Multiple Multistate Method
The concept of MMM shares many similarities with the VAR model, which is commonly used in macroeconomic and financial modeling to capture the relationship between multiple coevolving variables within the system as they change over time. VAR models allow for several endogenous (i.e., coevolving) variables to be estimated via a series of ordinary least squares regressions where each regression has identical covariates (Enders 2014; Greene 2000). Standard VAR models are therefore simple to estimate, and if required, the error correlation matrix can subsequently be estimated with average sums of squares or cross products of the least squares residuals (Greene 2000). In our context, this means that a VAR model can estimate a system of equations where, for example, disability can be modeled as a function of morbidity, and morbidity can be modeled as a function of disability. A VAR model usually takes one of the three forms: reduced-form VAR, recursive VAR, and structural VAR (Stock and Watson 2001). In a reduced-form VAR, each variable is modeled as a function of its own past and the past values of the other variables (i.e., the lags of the variables), but the model does not capture the contemporaneous effects (Enders 2004). On the other hand, recursive and structural VAR models include the lags of the variables similar to a reduced-form VAR, but in addition, they also allow the outcome variables in each equation to depend on the contemporaneous values of the other variables (Stock and Watson 2020).

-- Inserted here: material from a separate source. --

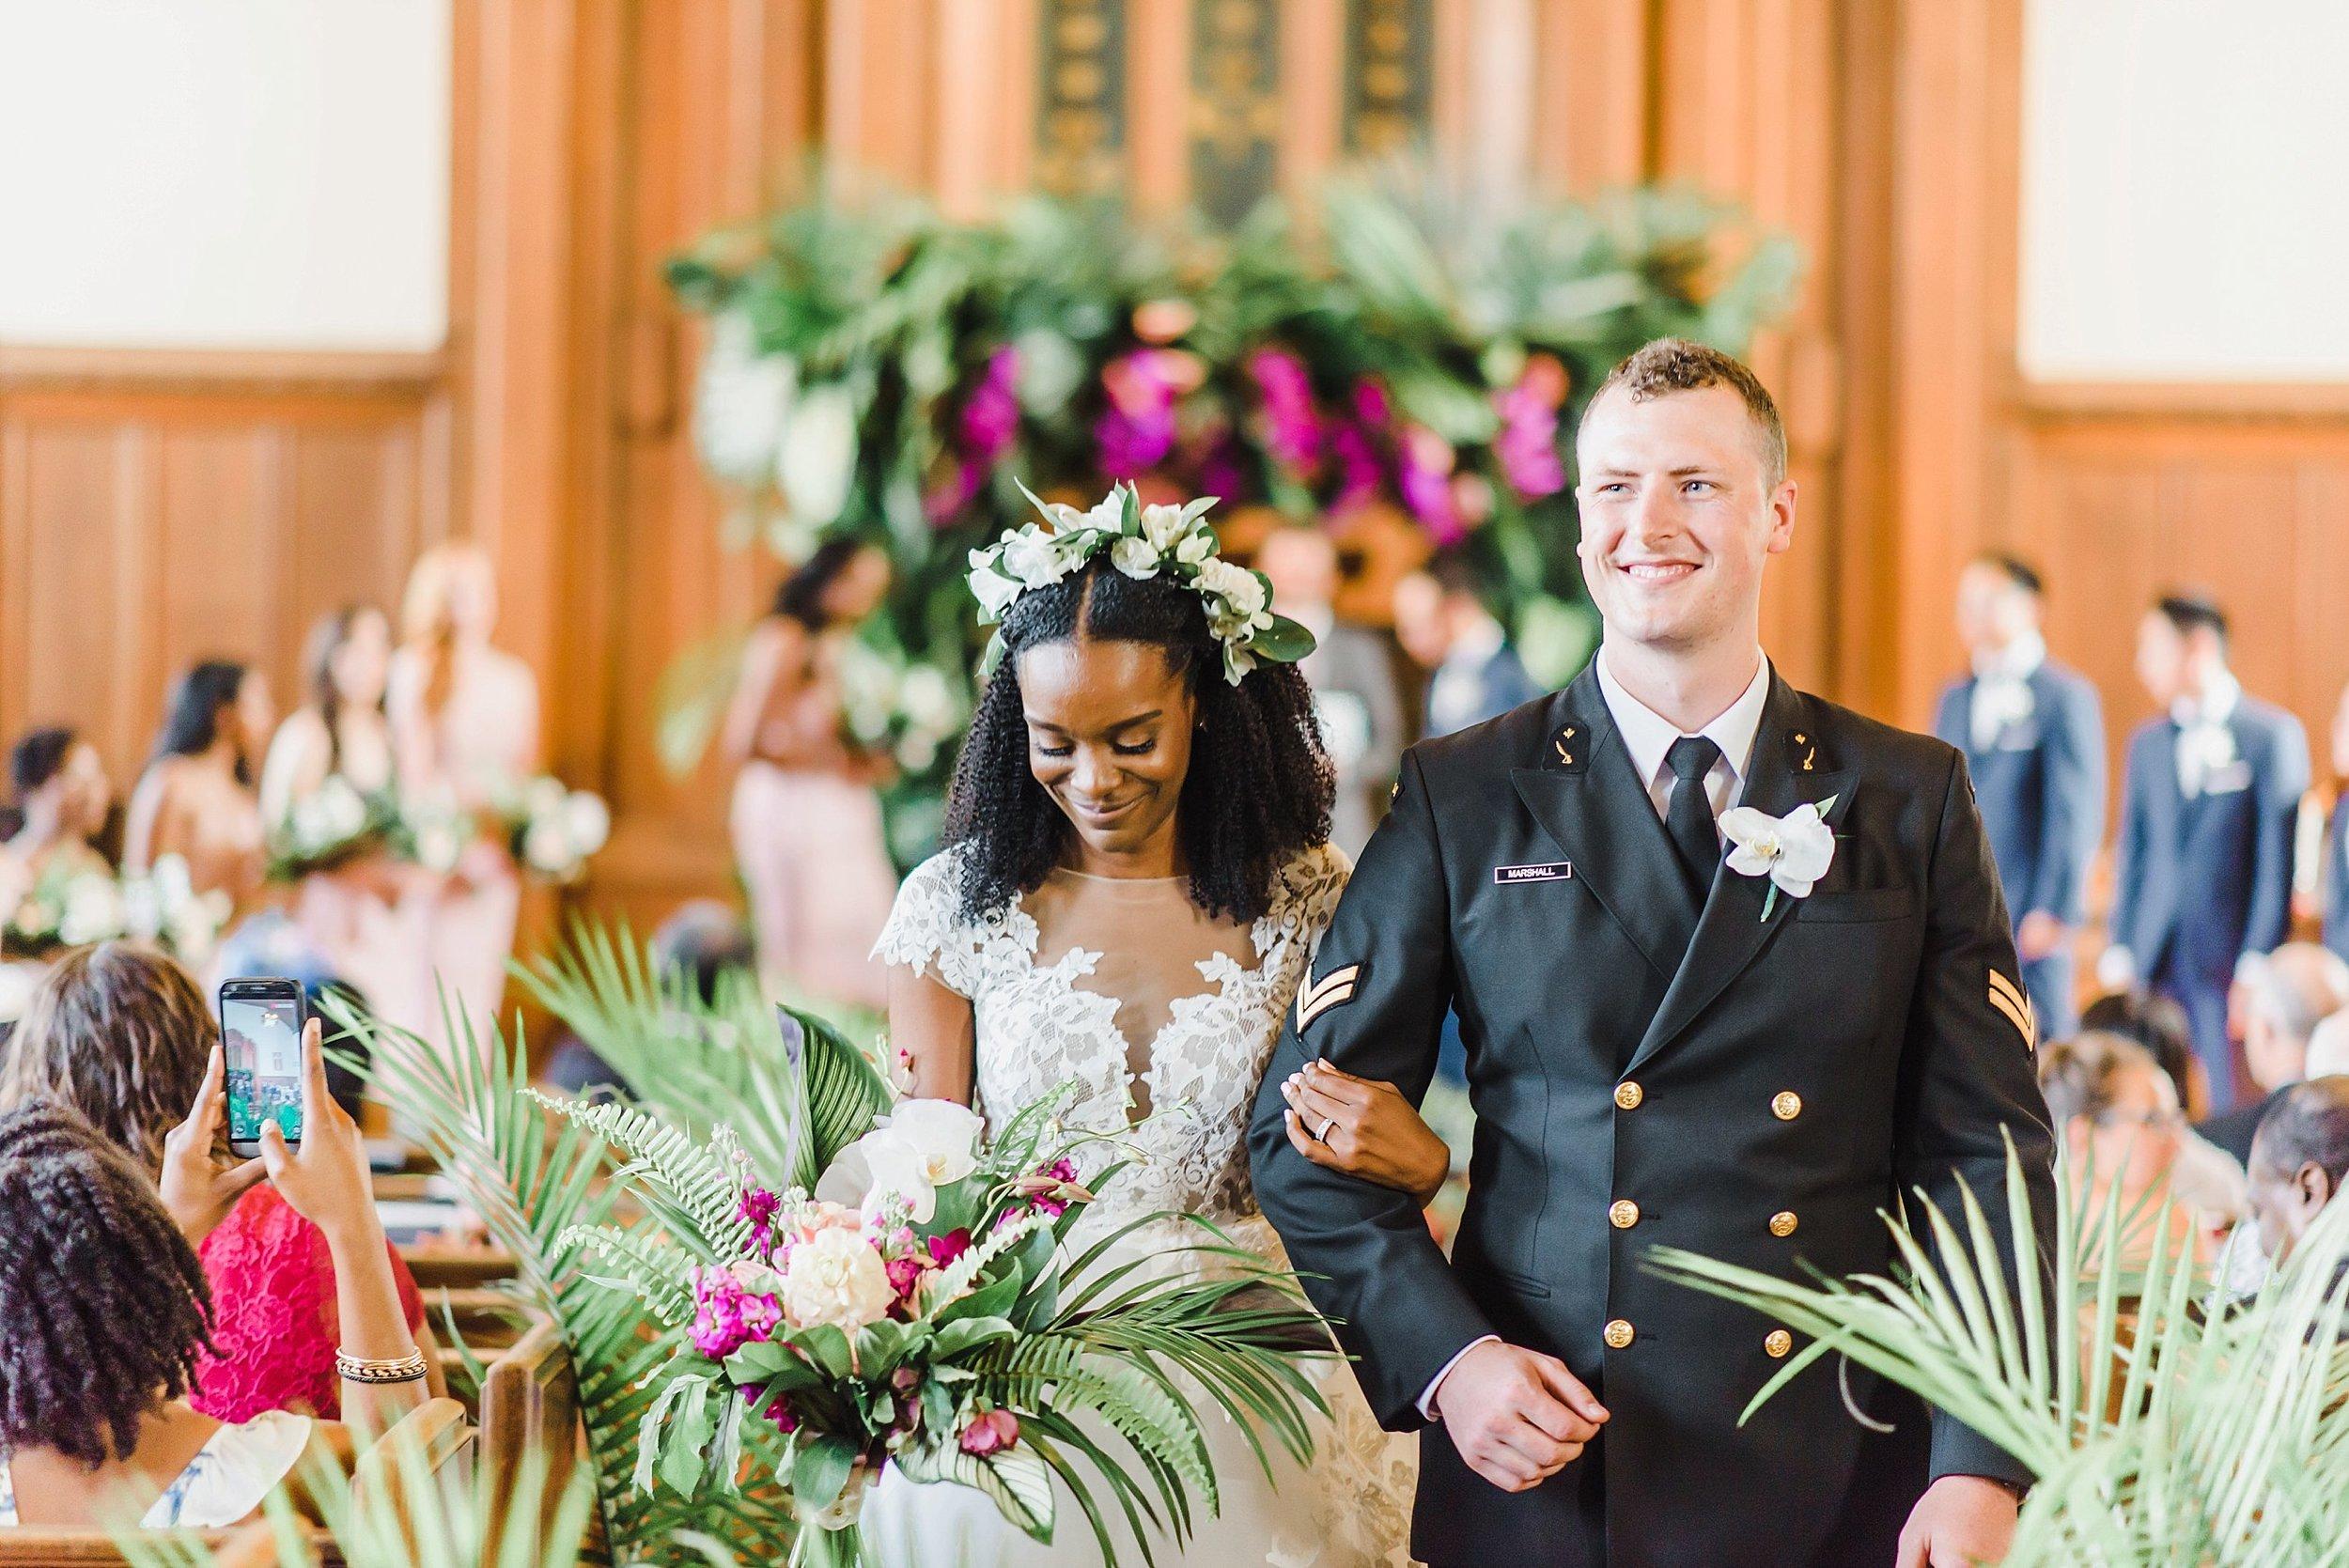 light airy indie fine art ottawa wedding photographer | Ali and Batoul Photography_0979.jpg
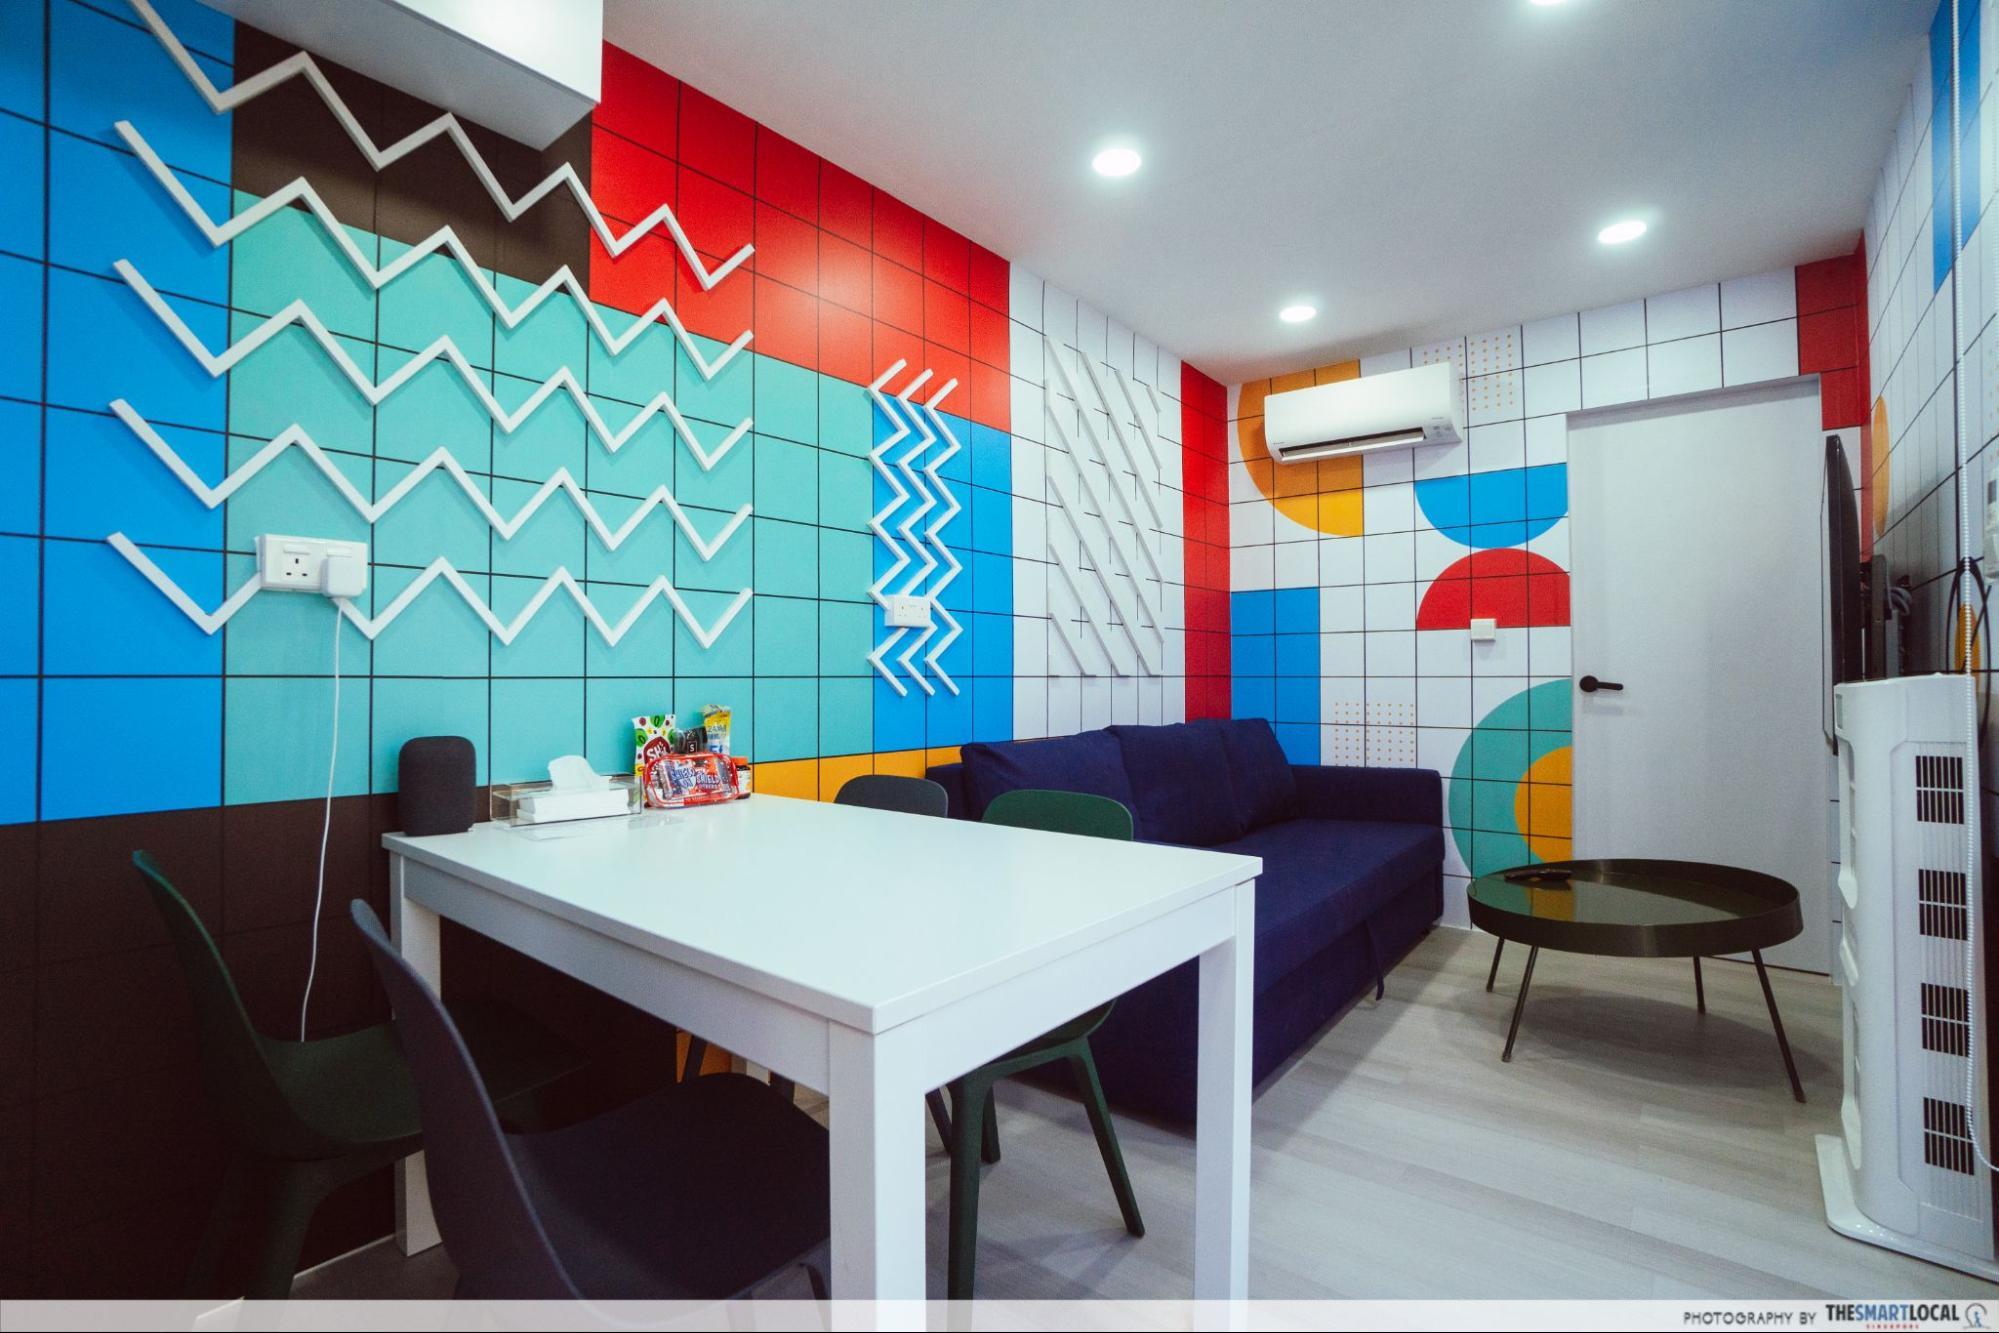 SG hotel on wheels - Pop Art room

The CMM is analogous to a structural VAR model, as the coevolving variables are estimated within one equation system. However, both reduced-form and recursive VAR models can be estimated by separate equations for each of the coevolving variables (Enders 2014; Pfaff 2008; Stock and Watson 2001). One can use recursive VAR to reverse-engineer the parameters in the structural VAR (Enders 2014). This is the basis of why our recursive MMM can replicate a CMM. On the other hand, the advantage of a reduced-form VAR compared to a recursive VAR is in its simplicity, as we can reduce the insignificant parameters in the model. However, by doing so, a reduced-form VAR cannot recover the structural VAR because of the under-identification of parameters (Enders 2014). Put it another way, a reduced-form VAR does not include the contemporaneous variables, and the short-run concurrent relationship would be ignored. Thus, a reduced-form VAR is a suitable model that the variables not directly influence each other contemporaneously, but rather any influence occurs with a time lag between the variables.
In economics, the lag length for the variables in each equation is typically estimated via F-tests or information criteria (such as the Akaike information criterion or the Bayesian information criterion). Using one lag is consistent with the common multistate assumption of a first-order Markov chain, and annual or biannual survey data collection. With the Markov assumption, the current state depends only on the previous state, which can be regarded as a univariate autoregression with lag one, VAR(1). When the state spaces are the combinations of two variables (a complex multistate), it is possible to turn this into bivariate autoregressions with lag one maintaining the Markov assumption. As aforementioned, there are various types of VAR models, and the CMM model is close to a structural VAR and the structural VAR can be estimated with a recursive VAR.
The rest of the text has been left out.